- What the exercise asks: Only one part of the listing is needed: the lines from the one with "80-0222, 1980 Fairchild" through the last line, copied exactly and free of pictures.

- Provided data:
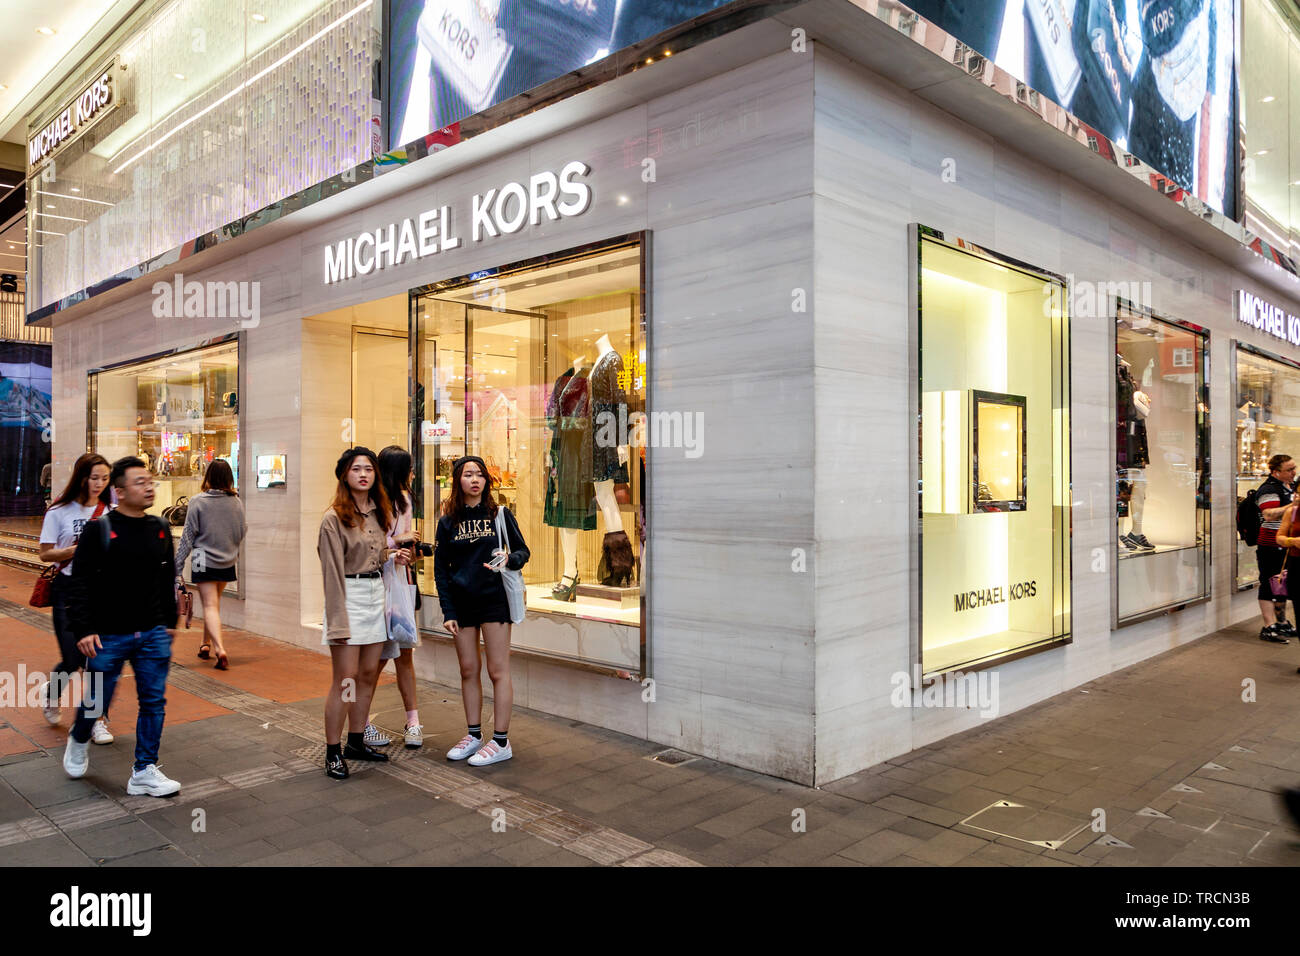 The Michael Kors Fashion Accessories Shop, Hong Kong, China Stock Photo -  Alamy
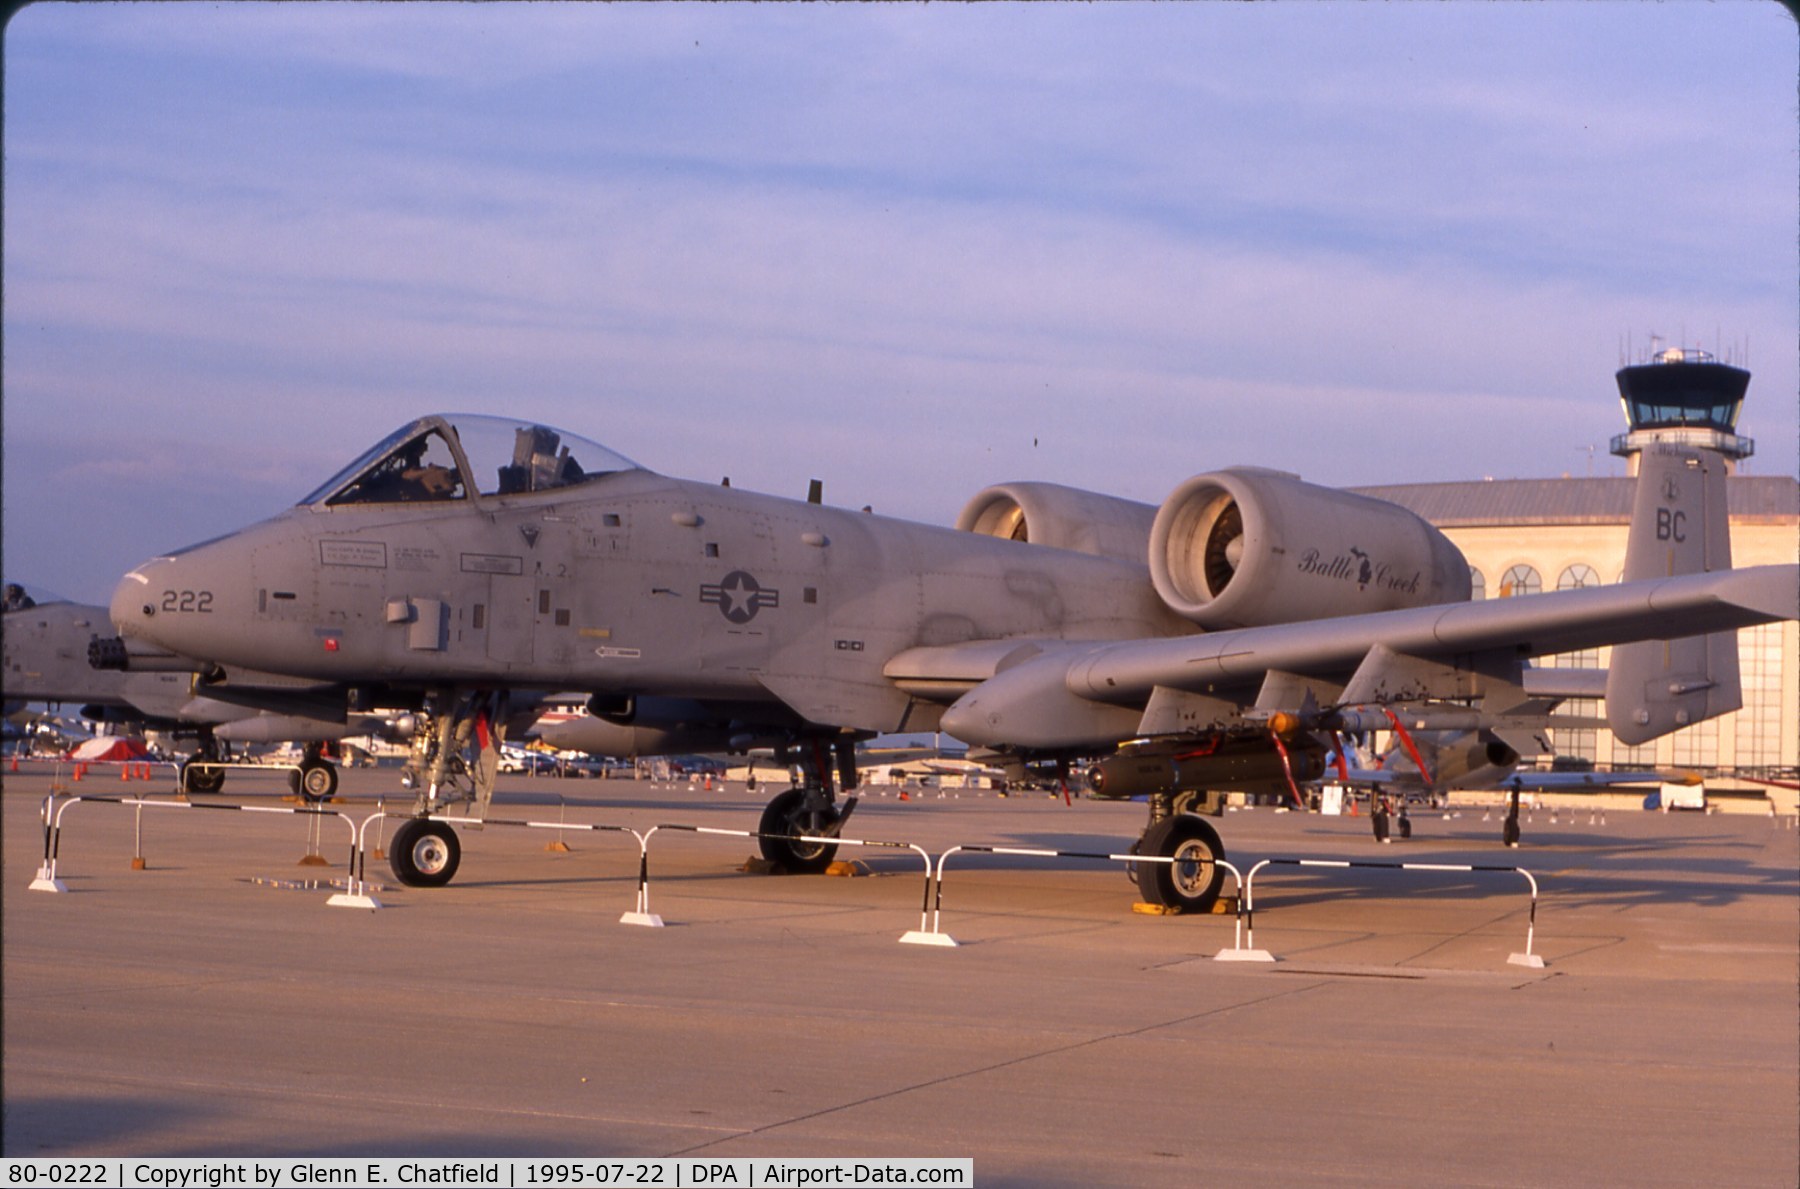 80-0222, 1980 Fairchild Republic A-10A Thunderbolt II C/N A10-0572, A-10A on the ramp just after dawn
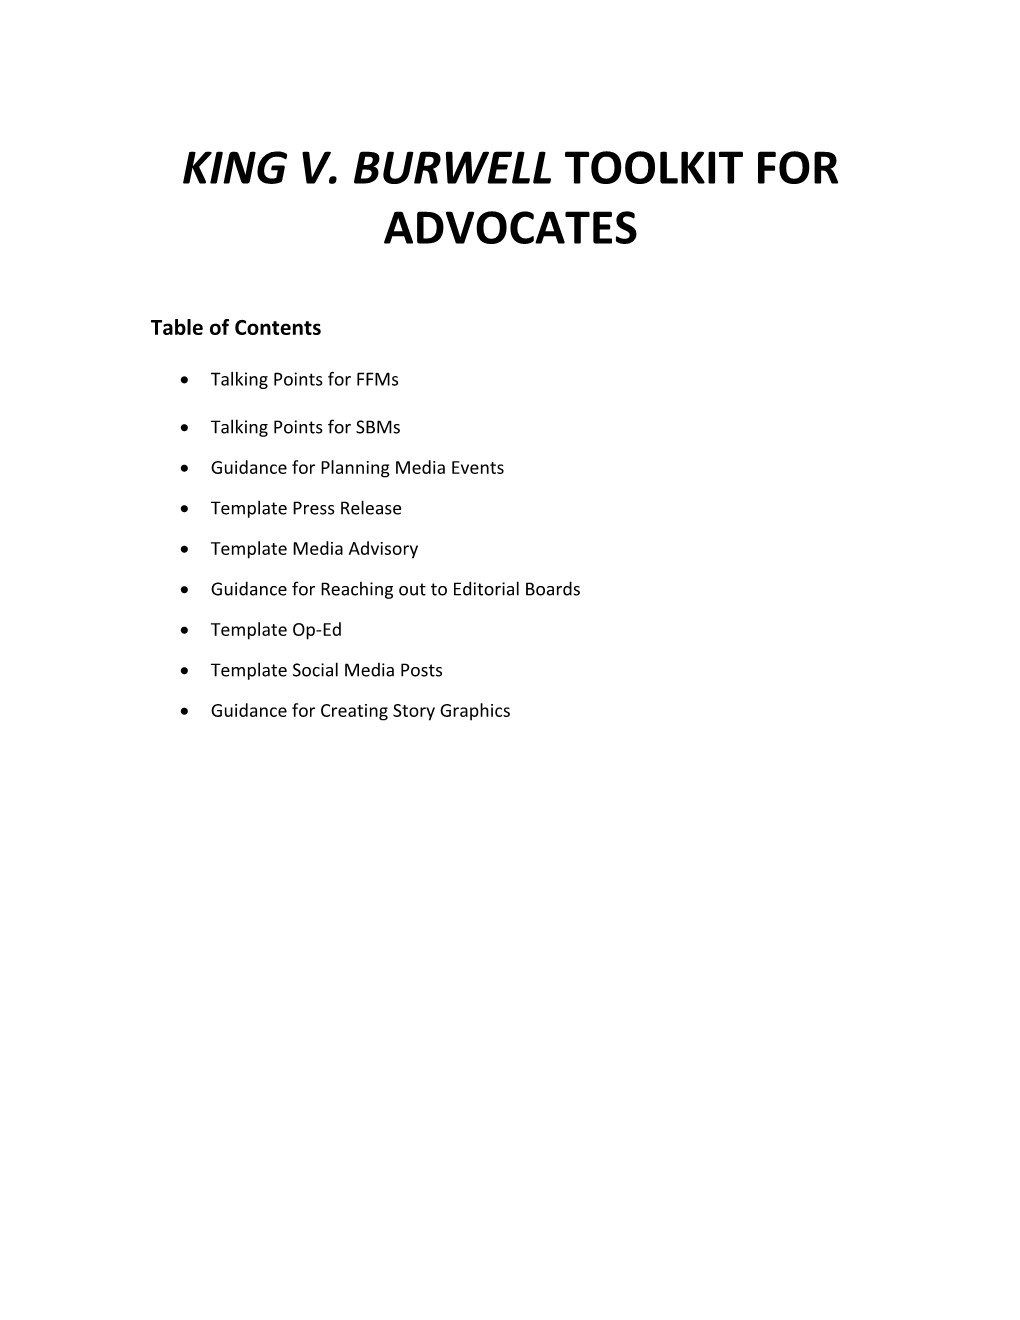 King V. Burwell Toolkit for Advocates

- Response to the task:
 80-0222, 1980 Fairchild Republic A-10A Thunderbolt II C/N A10-0572, A-10A on the ramp just after dawn
 King V. Burwell Toolkit for Advocates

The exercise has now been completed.